This data was taken from the National Longitudinal Study of Adolescent Health. It is a cross-sectional sample of participants from grades 7--12, described and analyzed by Warne (2014).
Format
A data frame with 4344 observations on the following 3 variables.
grade
an ordered factor with levels
7
<8
<9
<10
<11
<12
depression
a numeric vector
anxiety
a numeric vector
Source
Warne, R. T. (2014). A primer on Multivariate Analysis of Variance (MANOVA) for Behavioral Scientists.
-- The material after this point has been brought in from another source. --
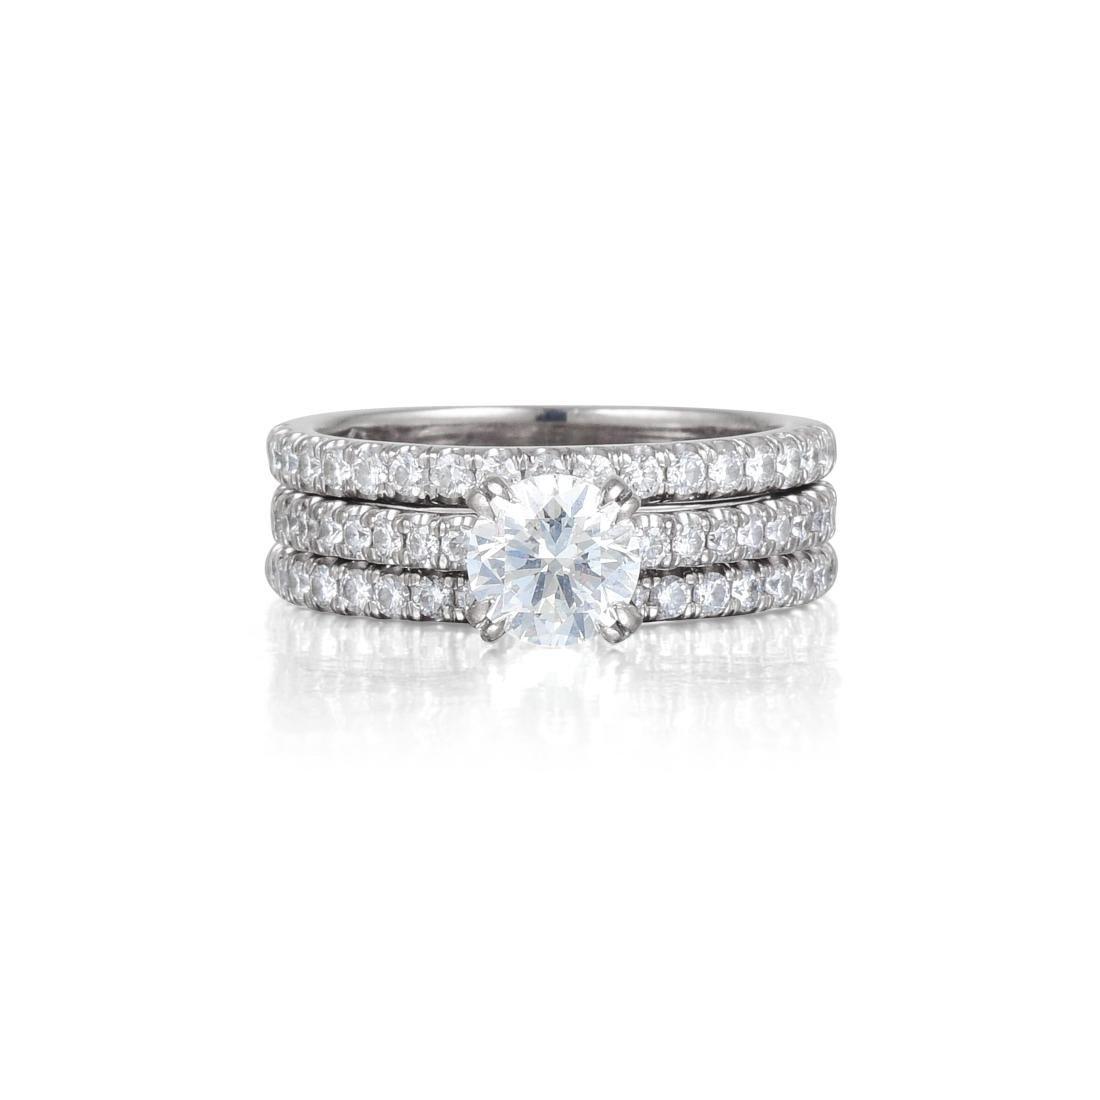 A Diamond Engagement Ring Set

Practical Assessment, Research & Evaluation, 19 (1). https://scholarworks.umass.edu/pare/vol19/iss1/17/
Details
depression
is the response to the question "In the last month, how
often did you feel depressed or blue?"
anxiety
is the response to the question "In the last month, how often
did you have trouble relaxing?"
The responses for depression
and anxiety
were recorded on a
5-point Likert scale, with categories 0="Never", 1="Rarely",
2="Occasionally", 3="Often", 4="Every day"
Examples
data(AddHealth)
# fit mlm
AH.mod <- lm(cbind(depression, anxiety) ~ grade, data=AddHealth)
car::Anova(AH.mod)
#>
#> Type II MANOVA Tests: Pillai test statistic
#> Df test stat approx F num Df den Df Pr(>F)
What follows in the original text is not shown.